* [DIRECTIONS]: Set down the whole listing below exactly. The pictures stay out.

* [EXERCISE DATA]:
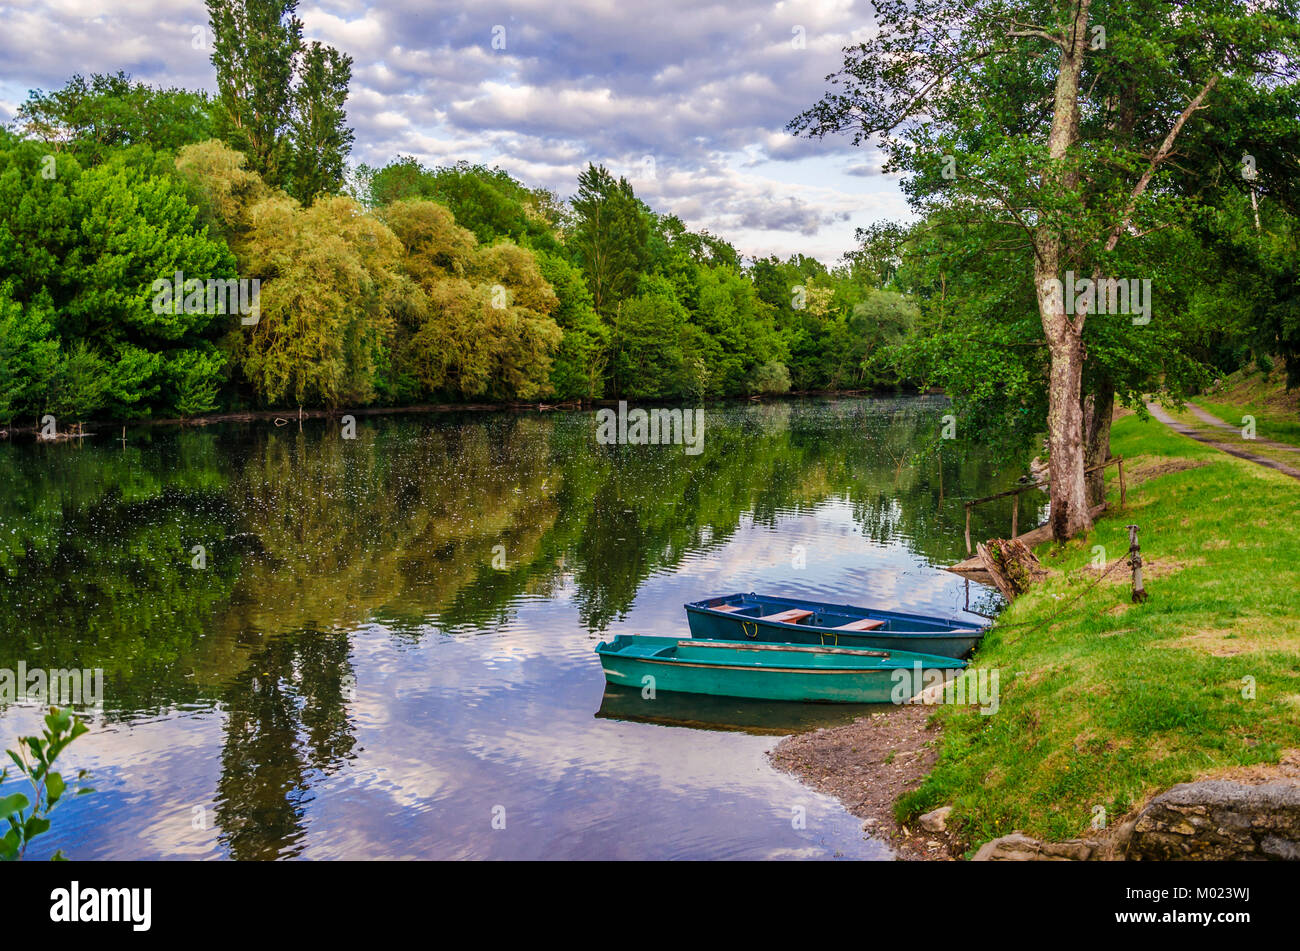 Valley of the river Dordogne two boats moored in the calm waters of the Dordogne in its passage through the village of Carennac France Stock Photo
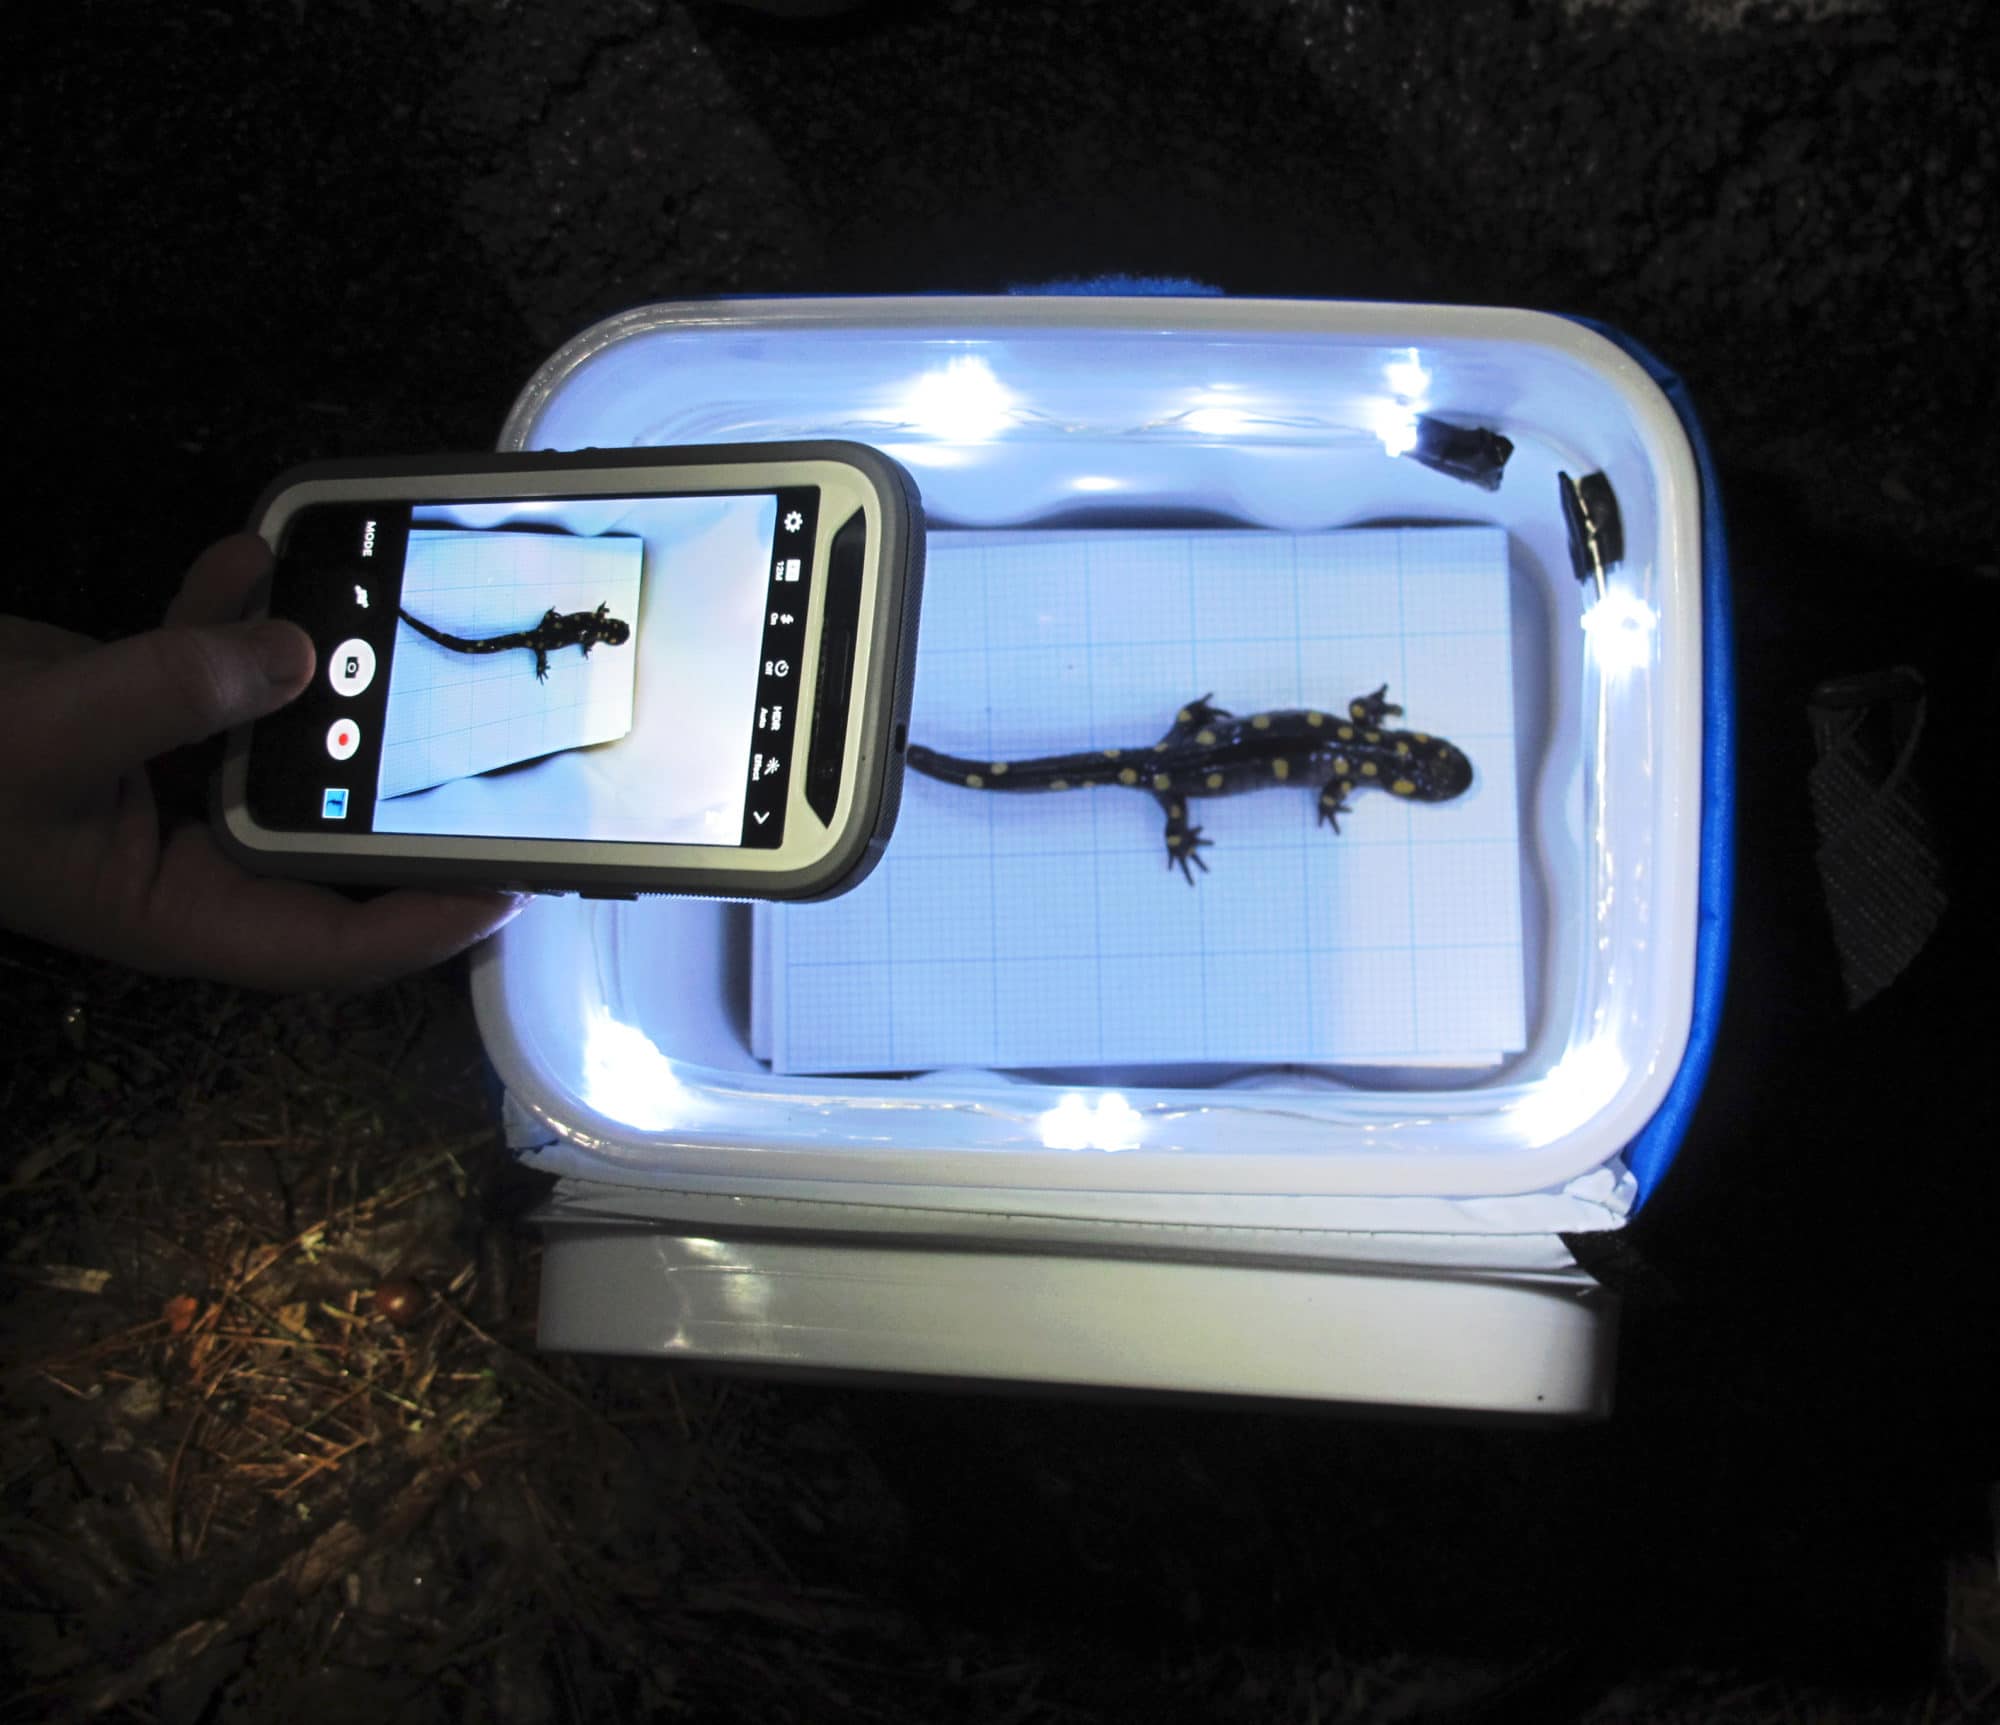 A person uses their cell phone to take a photograph of a spotted salamander's spot pattern. (photo © Brett Amy Thelen)
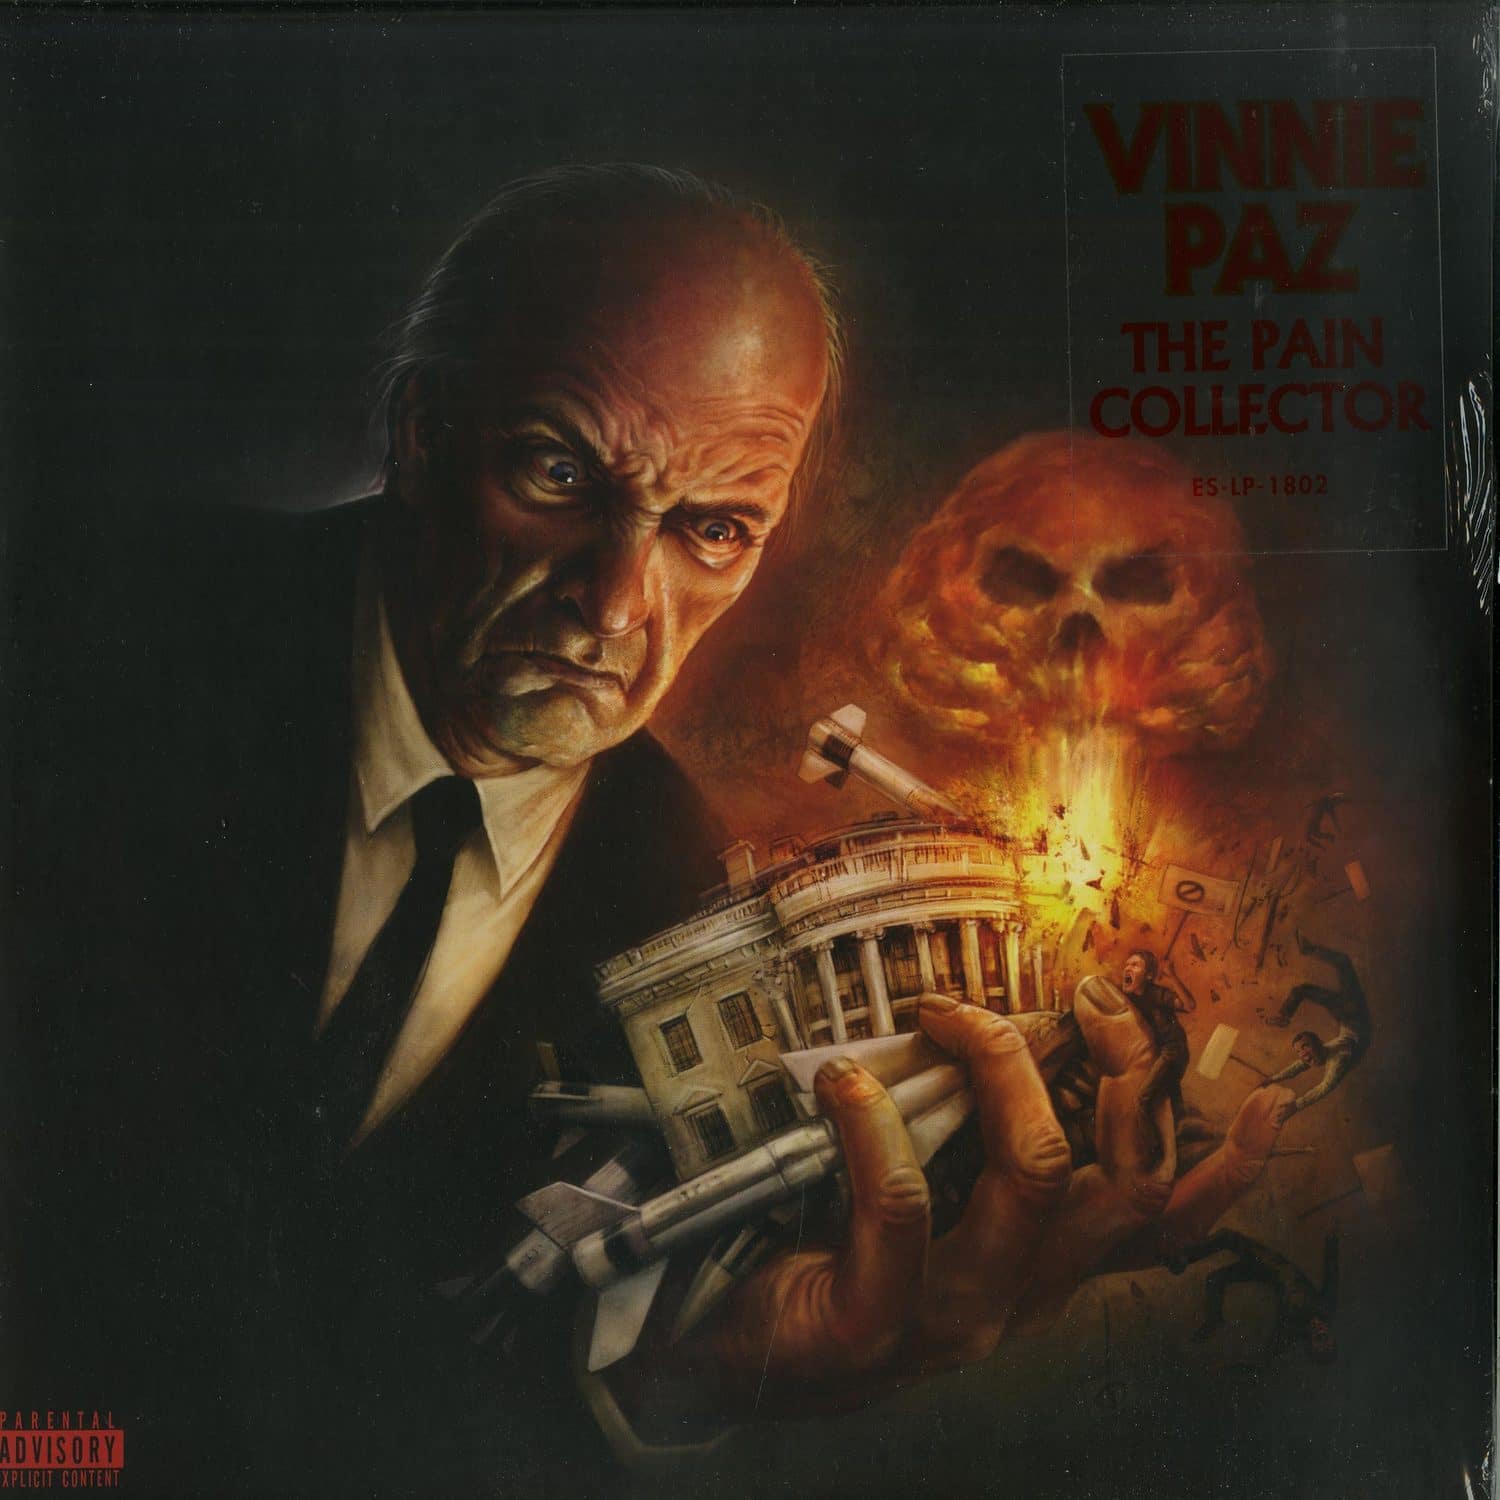 Vinnie Paz - THE PAIN COLLECTOR 
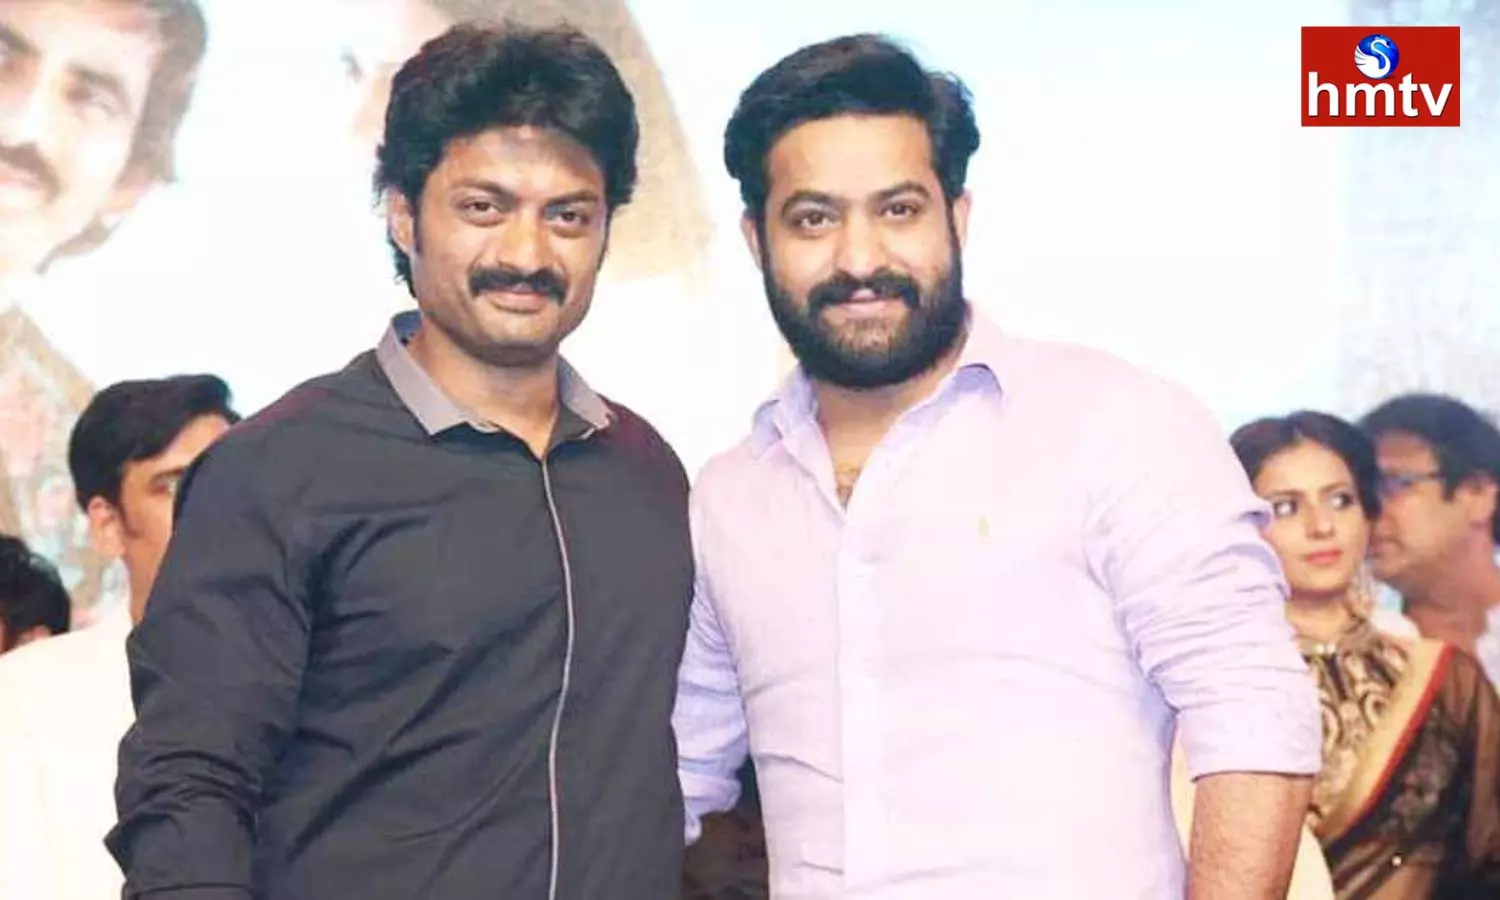 NTR Came Forward To Support His Elder Brother

* [OUTPUT FOR THIS EXERCISE]:
 Valley of the river Dordogne two boats moored in the calm waters of the Dordogne in its passage through the village of Carennac France Stock Photo
 A person uses their cell phone to take a photograph of a spotted salamander's spot pattern. (photo © Brett Amy Thelen)
 Vinnie Paz - THE PAIN COLLECTOR 
 NTR Came Forward To Support His Elder Brother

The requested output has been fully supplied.